China to secure ‘de facto’ control of S. China Sea: US admiral


“If China continues to arm all of the bases they have reclaimed in the South China Sea, they will change the operational landscape in the region,” Harris told Pentagon reporters.

“Short of war with the United States, China will exercise de facto control of the South China Sea.”

Harris, who heads up the US Pacific Command, visited the Pentagon after several hearings in Washington at which he warned lawmakers about the pace of China’s maritime militarization.

“Harris is raising alarm about what could happen if there’s not sufficient push back, that’s what he’s trying to provoke here, a more robust response from the region and outside the region,” said Bonnie Glaser, a senior Asia advisor at the Center for Strategic and International Studies. “The US cannot do this alone.”
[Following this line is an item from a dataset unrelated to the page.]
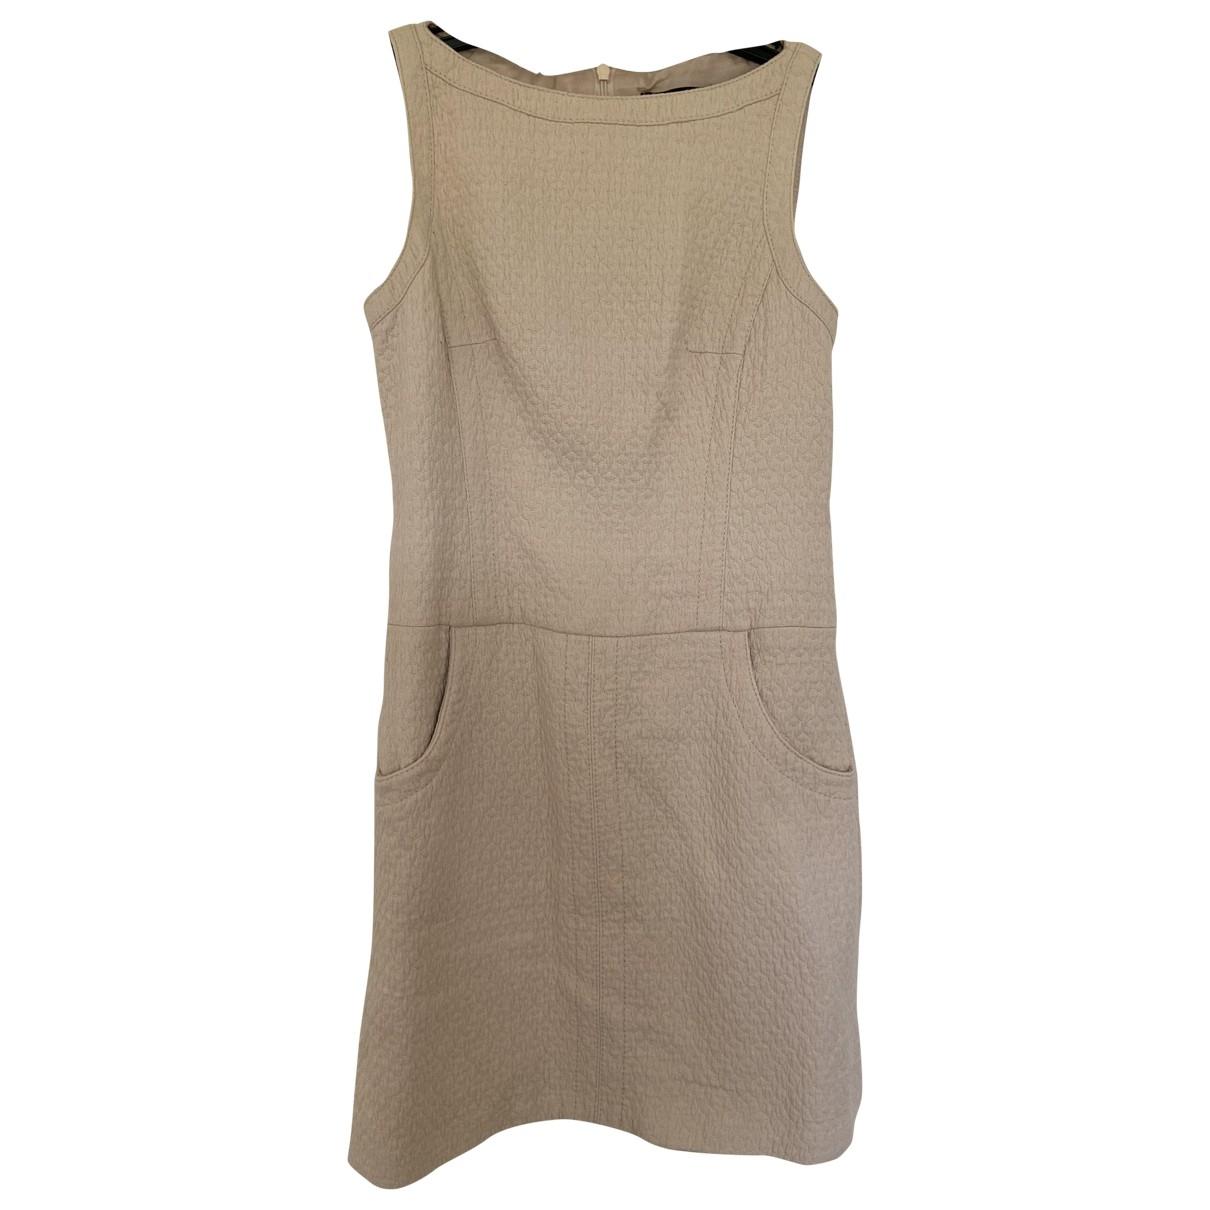 Karen Millen \N Kleid in  Beige Baumwolle

China is using dredgers to turn reefs and low-lying features into larger land masses for runways and other military uses to bolster its claims of sovereignty in the region.

Satellite imagery released this week shows Beijing is installing radar gear, and China has also deployed surface-to-air missiles and lengthened a runway to accommodate fighter jets on one islet, Woody Island, in the Paracels.

Beijing appears to be preparing what is known as an Air Defense Identification Zone (ADIZ) over the entire South China Sea, through which it can militarily query any vessel or aircraft.